Não vou mentir, The Handmaid’s Tale não é uma série leve e "prazerosa" de ser assistida. Coração não vai ficar quentinho aqui não. Acompanhar a série é uma experiência desconfortável e visceral, mas é maravilhosa. E extremamente importante. Sério mesmo, gente. Há muito tempo não via algo que me impactava tanto. A cada episódio, eu sentia cada pelo do meu corpo arrepiar. Claro, é uma distopia. Gileard não existe. Mas muito do que é retratado aconteceu e acontece mundo afora.

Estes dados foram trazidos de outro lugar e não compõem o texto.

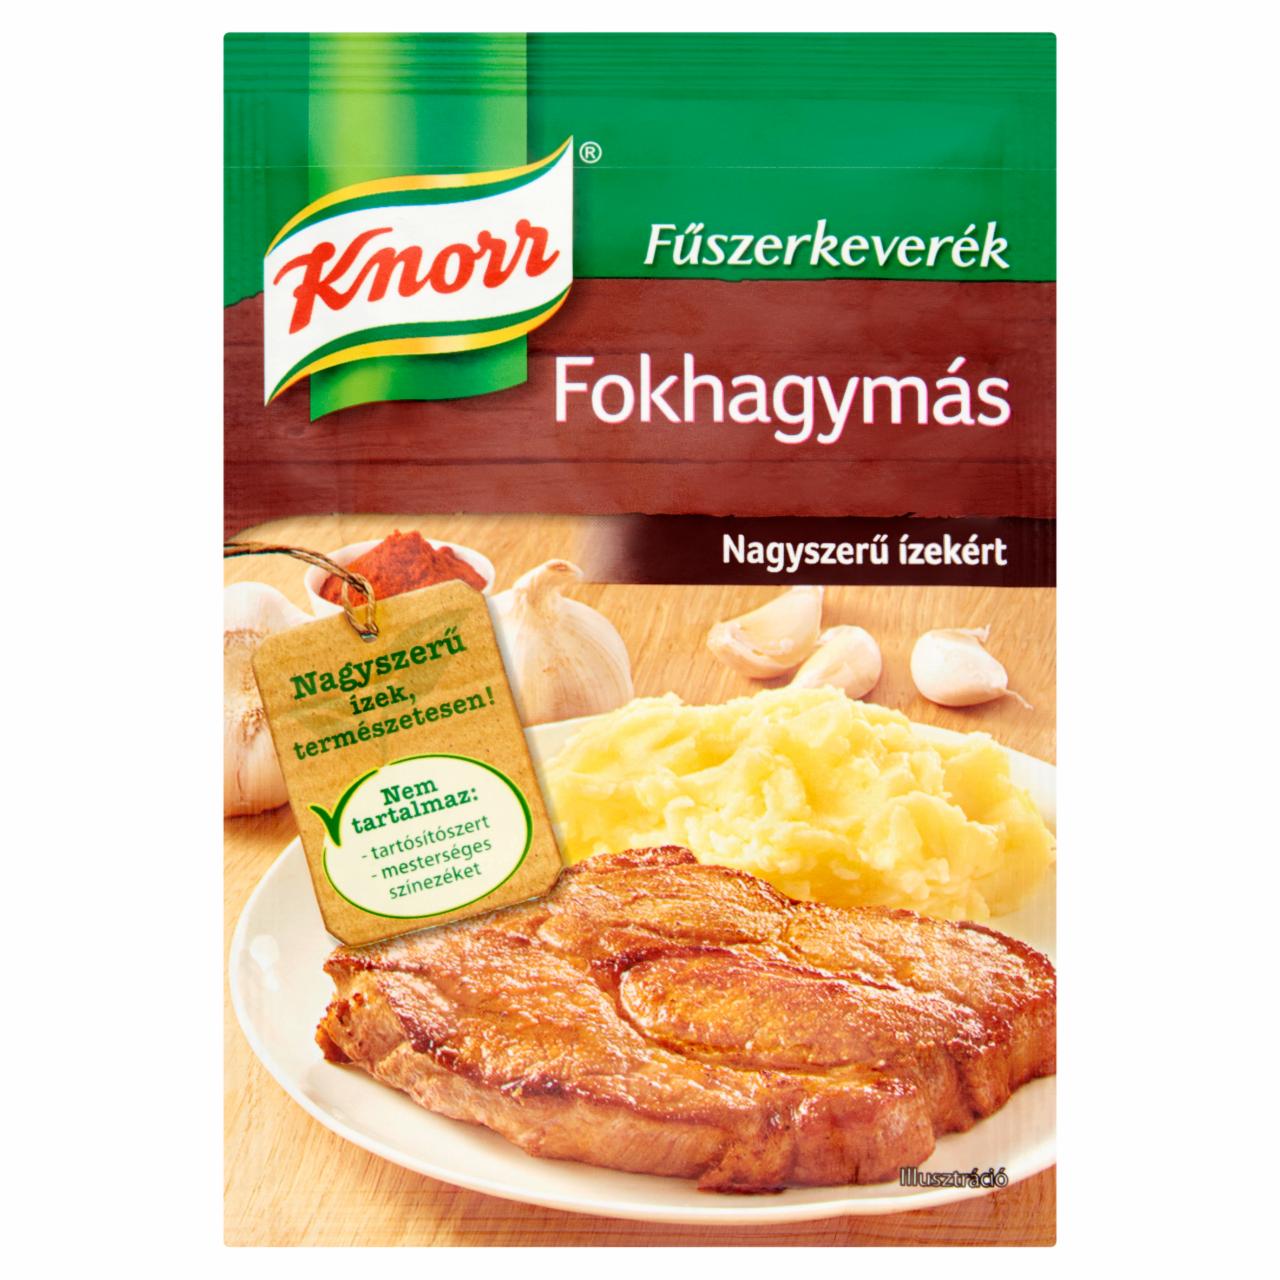 Képek - Knorr fokhagymás fűszerkeverék 35 g

Nas próprias palavras da Margaret: “eu não coloquei nada no livro que não tivesse acontecido alguma vez, em algum lugar. Ou que não estava acontecendo antes; e agora”. A relevância da história é completamente apavorante. E o pior é que muitos de nós fechamos os olhos enquanto o estupro se torna cada dia mais banalizado, homossexuais são aprisionados em campos de concentração na Chechnya, garotas de oito/dez/doze anos são forçadas a casamentos, transexuais são espancadas e mortas(os) simplesmente por assumirem suas verdadeiras identidades, mulheres em algumas partes do mundo têm suas partes intimas mutiladas e a liberdade individual é cada dia mais e mais violada. A série (e o livro) serve com um grande despertar para que entendamos que é preciso estar antenado. É interessante como, na trama, o grupo extremista foi crescendo aos pouquinhos, conseguindo conquistar mentes vulneráveis e se aproveitando do ceticismo de parte da população que achava que seus direitos estavam garantidos para sempre. Tem uma cena (e peço perdão pelo pequeno spoiler) que para mim foi muito poderosa na qual, em flashback, mostra as mulheres em uma passeata protestando contra a lei que acabara de entrar em vigor que as proibia de trabalhar. Policiais invadiram as ruas, mas elas continuaram avançando. Afinal, elas pensavam, eles não teriam coragem de partir para violência, não é mesmo? As balas deviam ser de borracha. As bombas de efeito moral. Protestar é um direito. Mas o mundo já tinha mudado, mesmo sem que elas estivessem cientes disso. Os policiais começam uma verdadeira chacina. Foi aí que todos viram que os direitos humanos e a Constituição do país que antes era visto (pelos americanos neh) como “the greatest country in the world” já era. Não tinha volta. É por isso que é preciso - hoje - estarmos atentos para o que ocorre nas paredes do congresso nacional. E ao que acontece no mundo. É preciso proteger não só seus direitos, mas também os daqueles que são diferentes de você.

Mas a série não vale a pena só por seu contexto social. É também um deleite narrativo e áudio-visual. A trilha sonora traz músicas contemporâneas que embalam momentos icônicos e deixam tudo ainda mais emocionante. A ambientação, o figurino e a fotografia são muito competentes em criar um clima frio, opressor e assim transportar o telespectador para Gilead. O texto também é excelente. Inclusive os roteiristas foram muito felizes em suas escolhas narrativas. Um exemplo é a escalação de atores de diversidade étnica inclusive para papéis chaves da trama. No livro, entre outros absurdos, o governo de Gilead exilou toda população que não fosse branca. Porém, os produtores perceberam que manter tal configuração na série, faria dela uma produção racista. Por falar nos atores, que elencão da p*! A começar pela protagonista da série, Elisabeth Moss (Mad Men), que é sem dúvidas uma das atrizes mais talentosas da sua geração e merece um Emmy pra ontem. Mas todo o elenco brilha na tela: Yvonne Strahovski (Chuck), Ann Dowd (The Leftovers), Samira Wiley (Orange Is The New Black), Joseph Phines (Shakespeare Apaixonado), Madeline Brewer (Hemlock Grove), O-T Fagbenle (Looking), Max Minghella (The Mindy Project) e até mesmo Alexis Bledel (Gilmore Girls), que até então eu achava que era uma atriz bastante mediana, mas aqui protagoniza cenas agonizantes e heartbreakings, sobretudo no terceiro episódio, e tem um desempenho memorável. 


O post ficou gigantesco e mesmo assim ainda poderia dar mais mil razões do porquê The Handmaid’s Tale é imperdível, mas vou parar por aqui. Espero que vejam e assim se sintam motivados a lutar para que Gilead nunca se torne real.